- North American cover
- Developer: Funcom
- Publishers: Funcom Eidos Interactive
- Director: Gaute Godager
- Producer: Gaute Godager
- Designer: Andrew Griffin
- Programmer: Rui Manuel Monteiro Casais
- Artist: Didrik Tollefsen
- Writer: Ellen Lyse Einarsen
- Composer: Knut Avenstroup Haugen
- Engine: DreamWorld
- Platform: Microsoft Windows
- Release: NA: May 20, 2008; EU: May 23, 2008;
- Genre: Massively multiplayer online role-playing game
- Mode: Multiplayer

= Age of Conan =

2008 fantasy MMORPG

Age of Conan: Unchained (formerly known as Age of Conan: Hyborian Adventures) is a fantasy massively multiplayer online role-playing game (MMORPG) developed by Funcom and published by Eidos Interactive for Microsoft Windows in 2008. Age of Conan is the first installment in the planned Age of Conan series, and takes place within the continent of the Hyborian kingdoms, a year after the events depicted in Robert E. Howard's Conan novel The Hour of the Dragon.

==Gameplay==

=== Combat ===
Combat comprises striking a target from different angles, such as hacking down against the head, slashing diagonally down from the left or right, and slashing diagonally up from the left or right. These directions are designed to be strung together in combination naturally during combat. Difficult-to-perform combinations cause additional damage and faster strikes.

The developer Funcom stated that their "Real Combat" system, a combat system designed to offer more real-time options than traditional Dungeons & Dragons-inspired "turn-based" combat systems that are more commonly used, will be a prime attraction of Age of Conan: Unchained. This "Real Combat" system is a first-person melee approach in which every enemy has three different areas that players can target. Combinations can be performed by stringing together consecutive attacks in particular directions. Feedback from players has pointed out that this system requires a certain degree of dexterity. Character statistics and item bonuses also play a role in this system, however item bonuses have less effect on a character's power than in comparable games, so that whilst equipment does play a certain role other factors also have an impact, such as the player's skill or their analysis of the scenario. The idea of "Real Combat" is to eliminate the dullness of typical MMO fighting, which often consists of an auto-attack feature.

The "Real Combat" system is used in one-on-one weapon battles, as well as during spell-casting, ranged combat and mounted combat. In some situations however, players will choose to band together and unite their skills to face other bands of players or non-player armies. Players can then work together and build on each other's strengths, for example a character standing in line with a 'Conqueror' when he is running will have a greater resistance to knockback effects.

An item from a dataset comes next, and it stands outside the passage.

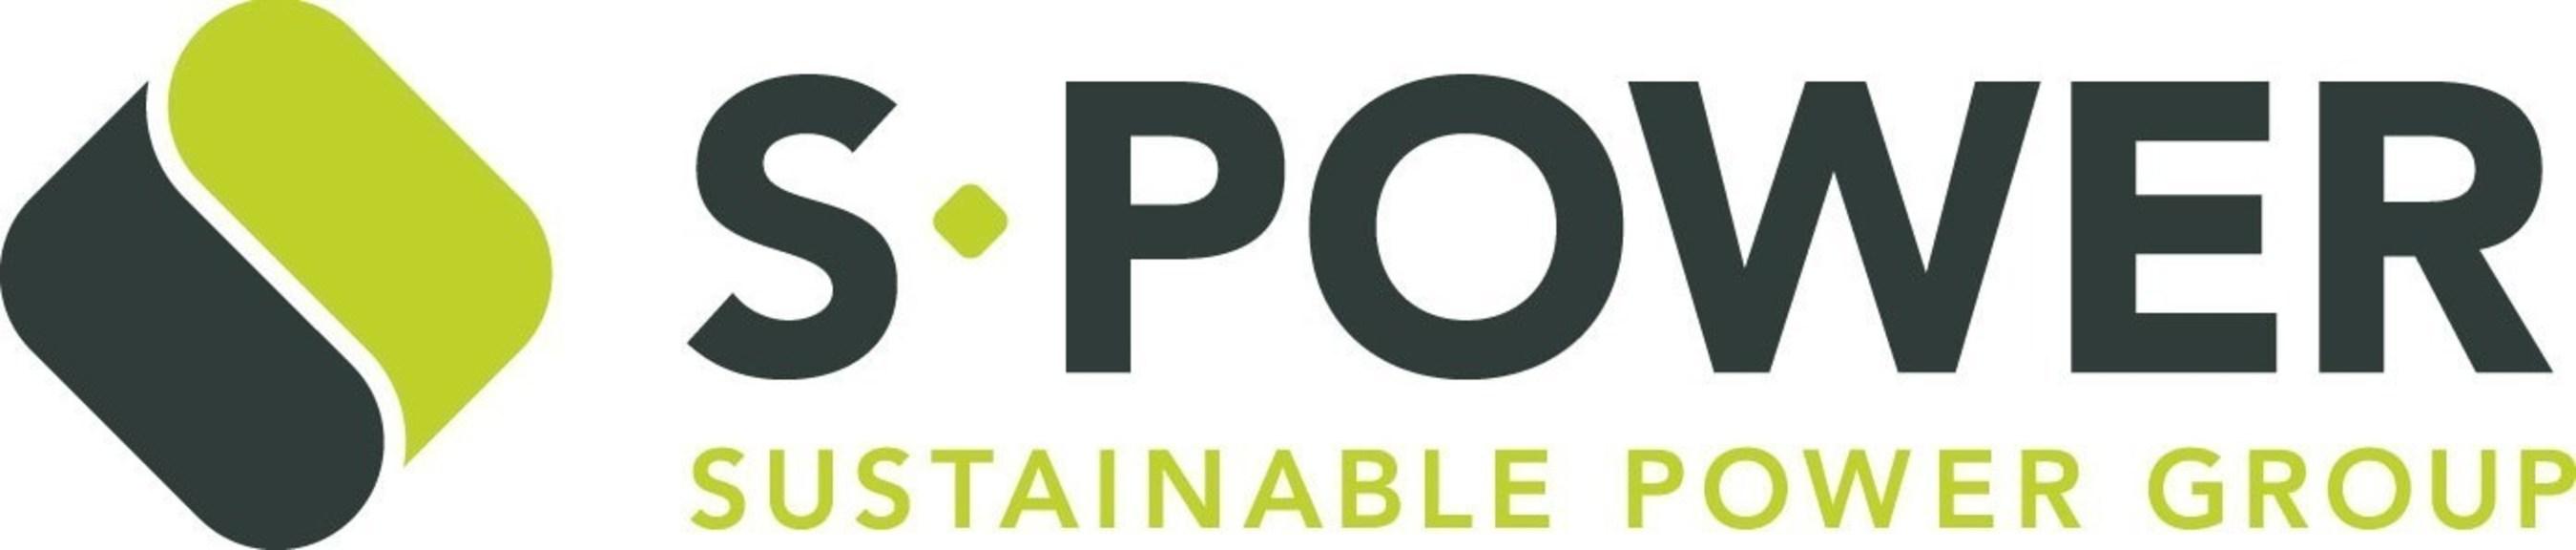 Borrego Solar And Spower Break Ground On Suffolk County

Players are able to take part in large scale siege operations. Adventurers can cooperate with one another to build cities with walls, towers and catapults that can protect player-owned taverns and merchant facilities.

In July 2011, a Hardcore PvP server was launched for the EU and US servers. This hardcore PvP server removes the guards from the various cities and playfields and re-opened PvP on the instances around the city of Tortage. This hardcore server brings back the basics of MMO PvP combat in that players will have a chance at dropping loot from their inventory when they are killed in player vs player combat. Players are also only able to have one character on these servers. This was a fresh-start server which doesn't allow any character transfer to it, does not allow the use of offline levels, or free level 50 characters.

===Characters===

A screenshot of the character creation and extensive customization featured in Age of Conan

Characters in Age of Conan are registered to a unique user account on a specific online server, with characters created on one server unable to be played on another. Players are able to create characters which function as their virtual avatars in the online world of Hyboria. During character creation, the player may choose from four playable races. The character is one of four archetypes (in bold) and one of three class selections for each archetype. The Rise of the Godslayer expansion brought on a new race, the Khitan. Earlier only some classes were free to play but on December 13, 2012, all classes were made available in the free model.

==Setting==

An Aquilonian character in Age of Conan gazing at the snowy mountains of northern Cimmeria

Age of Conan is set in a low fantasy pseudo-historical ancient world called the Hyborian Age, created by Robert E. Howard. The warlord Conan has seized the throne of Aquilonia, but ancient evils seek to overthrow him.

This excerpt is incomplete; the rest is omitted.